From the data perspective it is very fortunate that the big data tools and storage technology has advanced to the stage were the collection and maintenance of the data is no longer an issue. This allows the collection of vast amounts of data available from all points of the supply chain and especially from the eCommerce channels. This data along the supply chain can now easily be captured for detailed analysis and because of the volume of data available the results of the analytics can be more accurate and more informative of trends. The important point here is the collection of data from the viewpoint that the more data the better because you never know where the analysis will take you and in order to come to a conclusion you must have the data to analyze and also prove the concept.

Ten years ago, in the early growth stages of big data, the challenge was the ability to collect and store the amounts of data for analysis and the analytic query tools to quickly perform the analysis. This required careful review of the data available to select the appropriate elements that you believed were necessary to produce the analytic results. Then the data collection required over night collection and the analytics were run to produce large reports in a daily schedule. Everything took time and you had to be careful to analyze the expected outcome. Now though because of the dramatic improvements in the technology the process and results are much more robust and immediate. Now there is no concern about the amount of data and the queries themselves are also much more interactive.

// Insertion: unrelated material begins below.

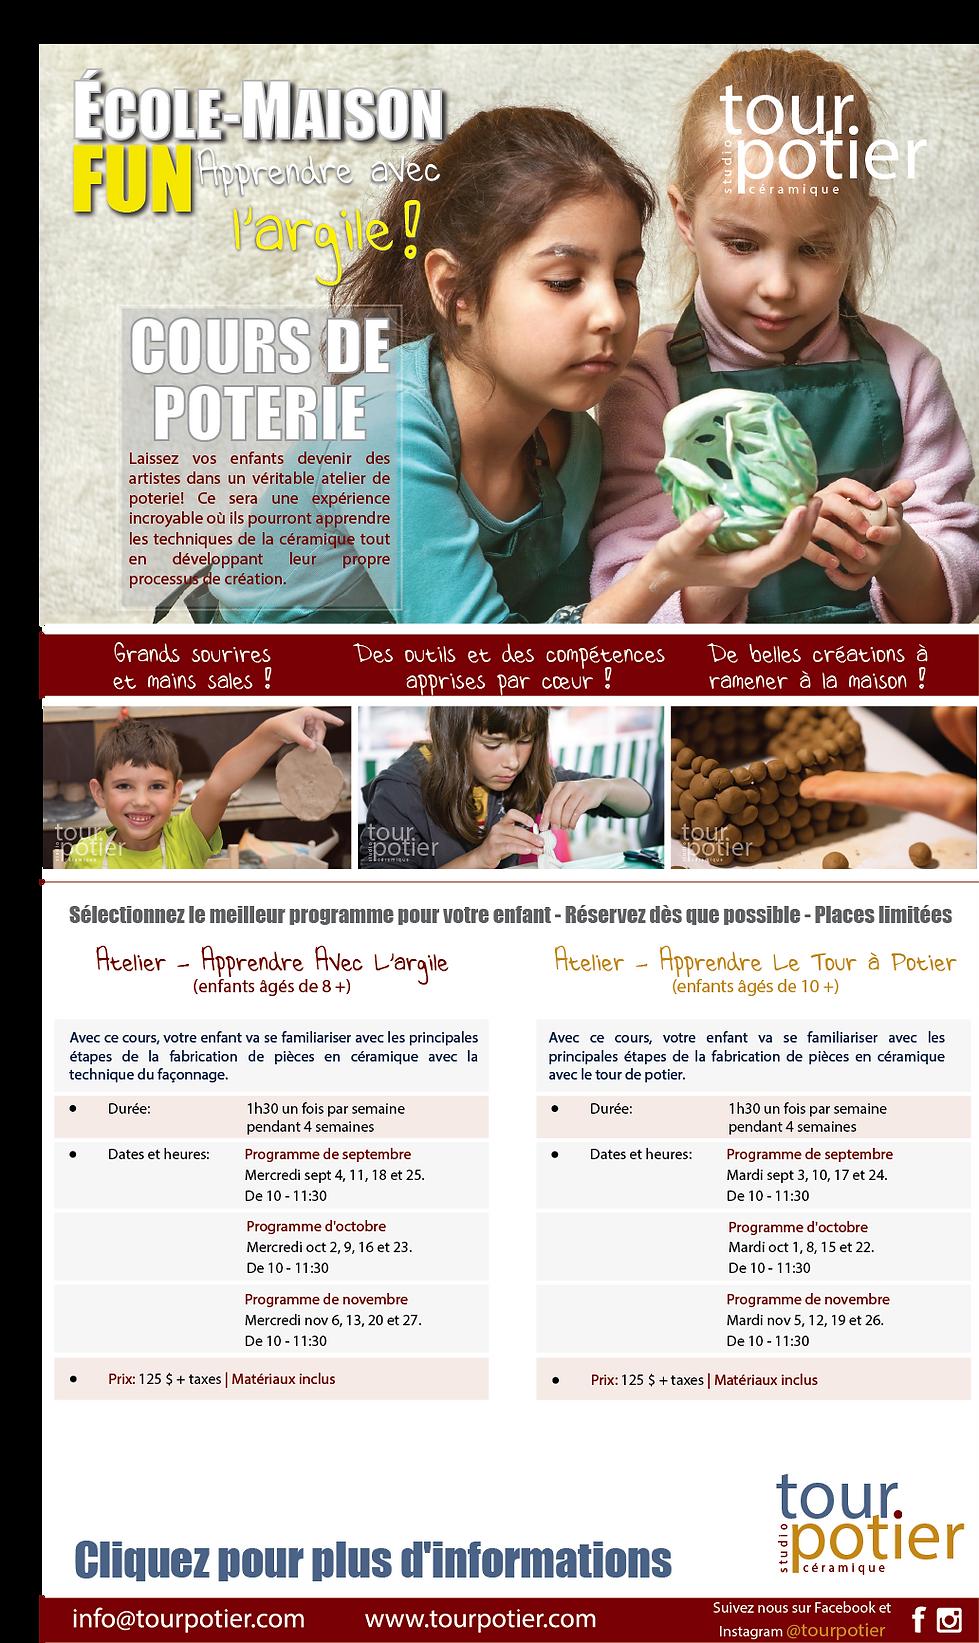 HomeSchooling AdFrench-150dpi.png

The analytics of the data presents the challenge in this equation and this is where the focus should be placed now. Artificial intelligence tools really come into play from this perspective to provide a value add to the equation. Artificial intelligence and machine learning will be a baseline requirement to allow the market to sense and then determine how to respond to the changing demands. These tools will are necessary to first sense and understand the demands of the market and then these same tools will provide the means to analyze the potential solutions and even forecast the impact to the market of change.

The key benefit of these tools is the speed of analytical results and then combine that with the delivery speed of a solution. Speed of sensing the demand and then speed of response are the objectives that must be front and center for the market and the participants in the market. All indicators based on technology lead to increased speed of demands and resulting disruption in the market and market participants will not have the time required for any manual analysis of these trends. In addition, only failure will come from participants that wait for the market to deliver a solution that they can adopt.

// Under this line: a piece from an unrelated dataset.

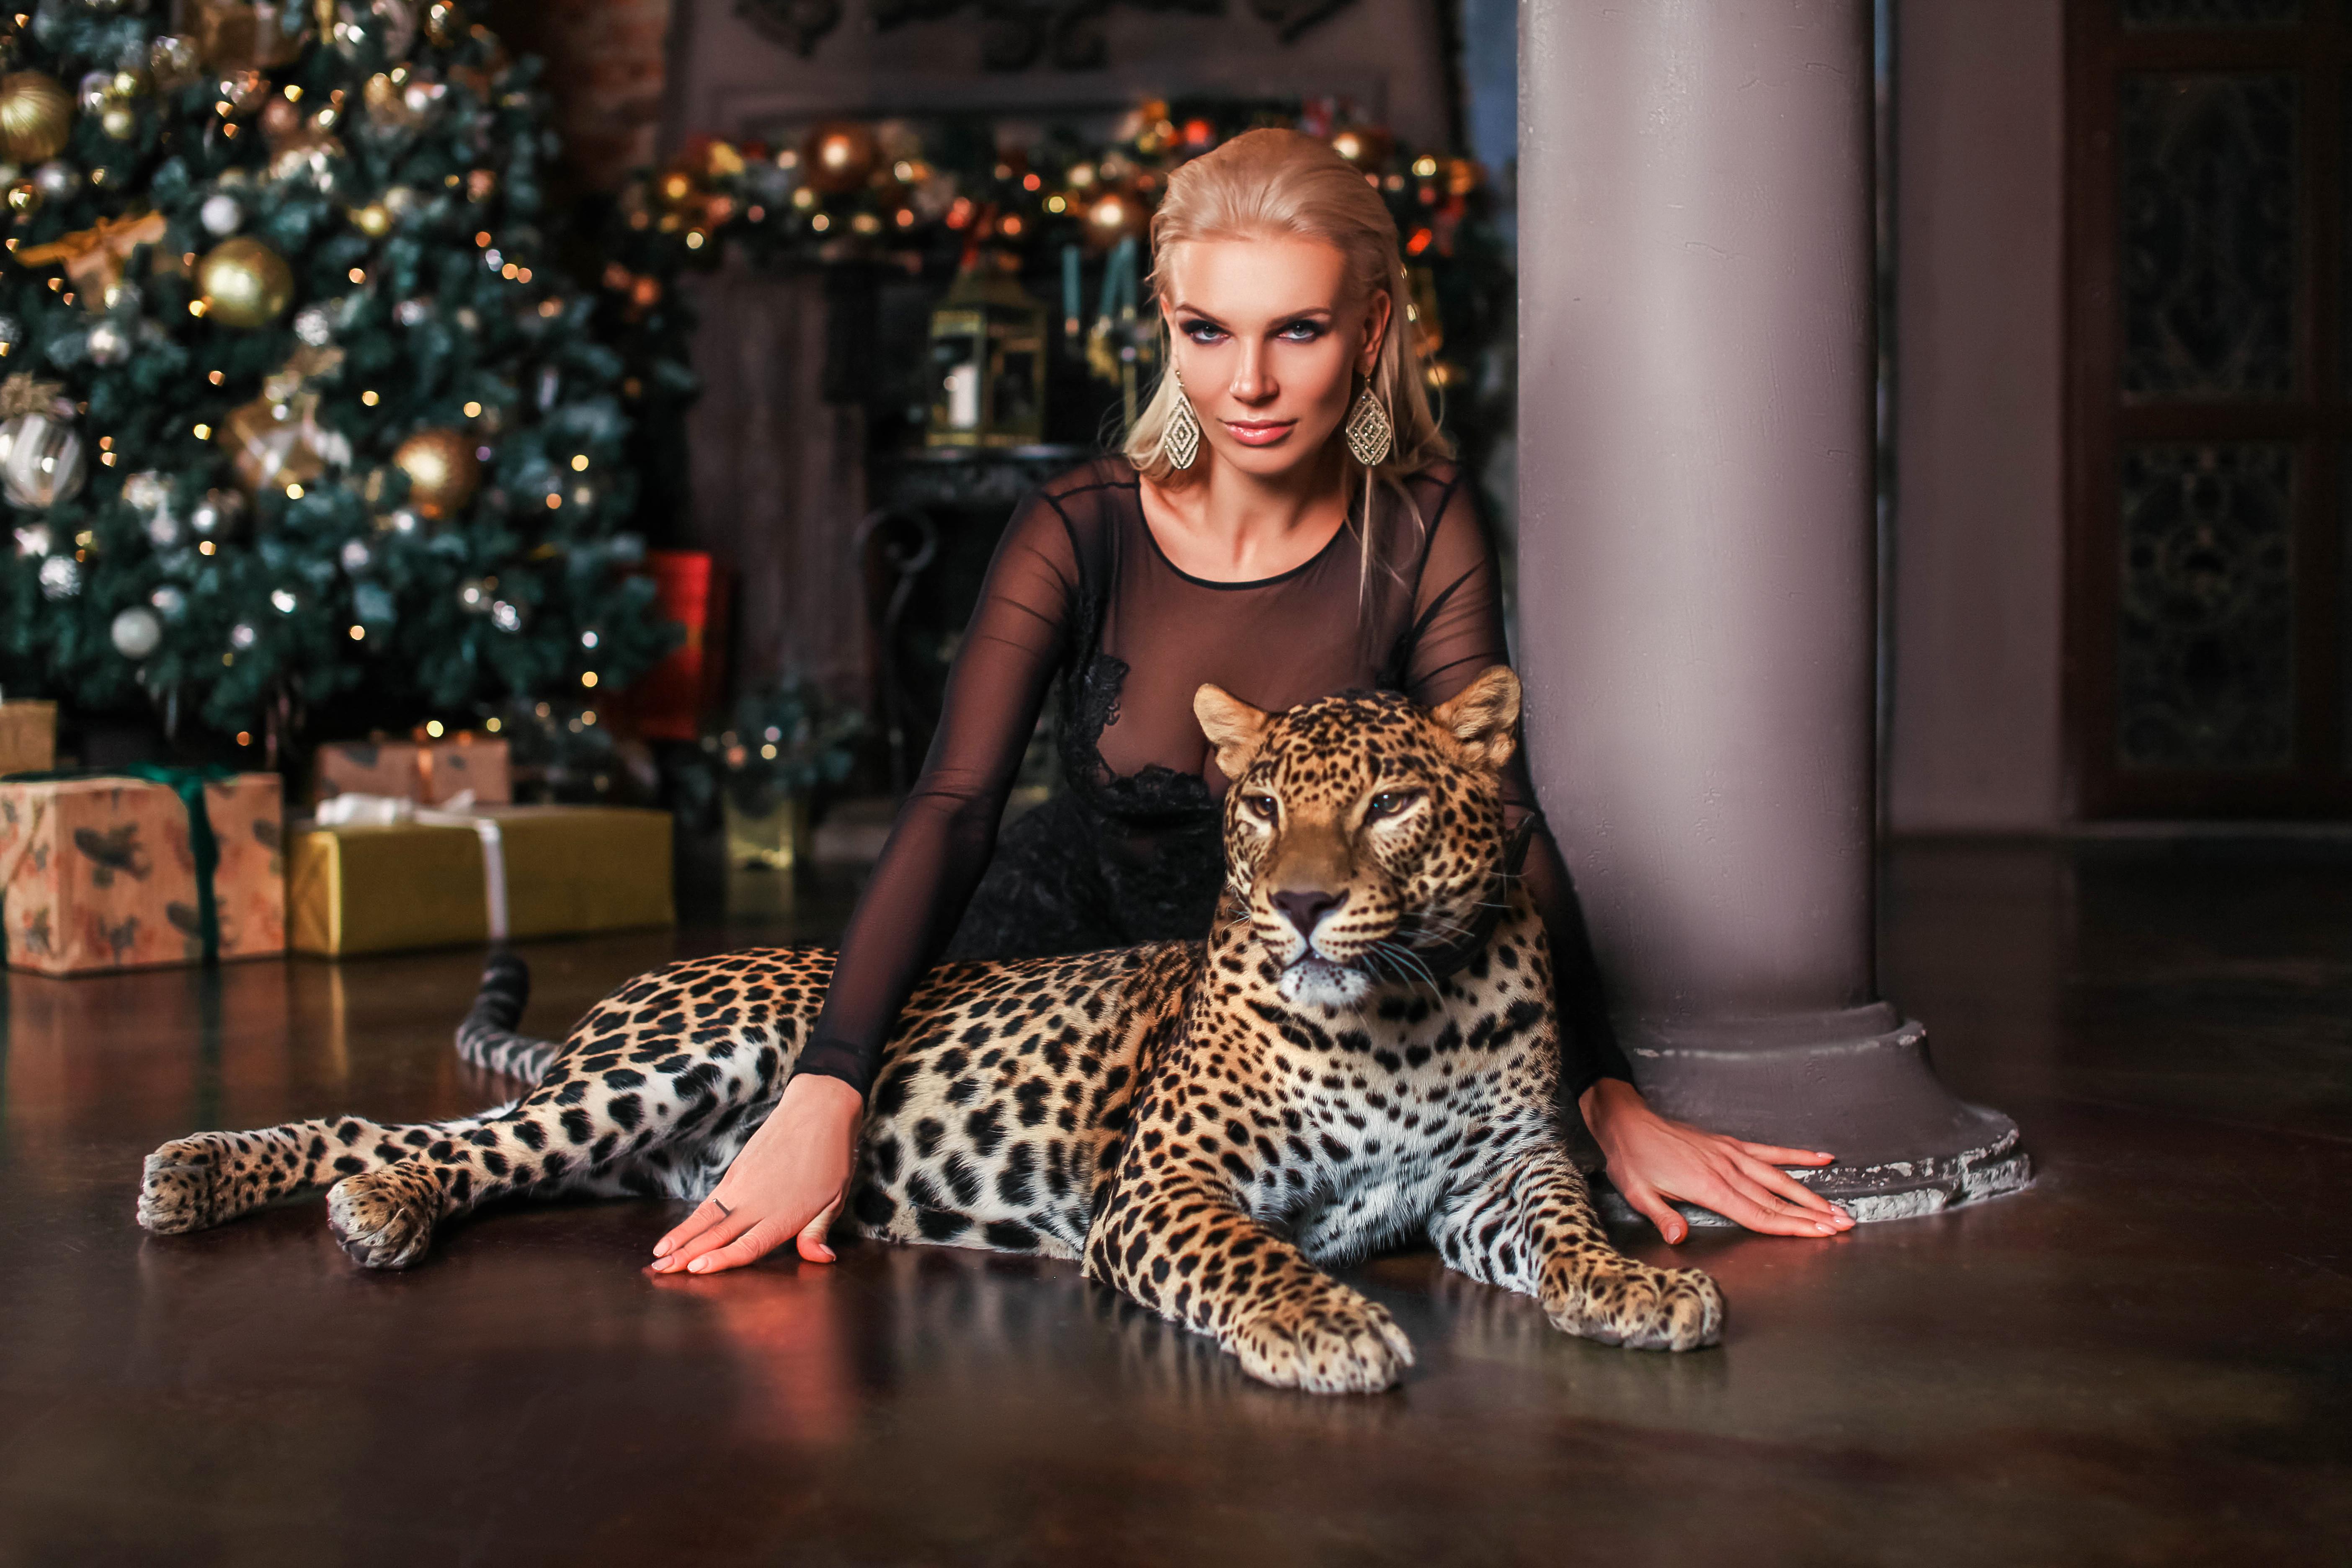 блондинка и дикий леопард

The participants that embrace artificial intelligence combined with machine learning will be the players that succeed and prosper in the market. The rate of failure that we have seen in the market will only increase as the velocity of changing demands increase. The good news is the building block tools to quickly and efficiently sense and respond to the increased velocity of changing demands are already available. The bad news is that the market participants must embrace the tools to develop their own practices to use the tools.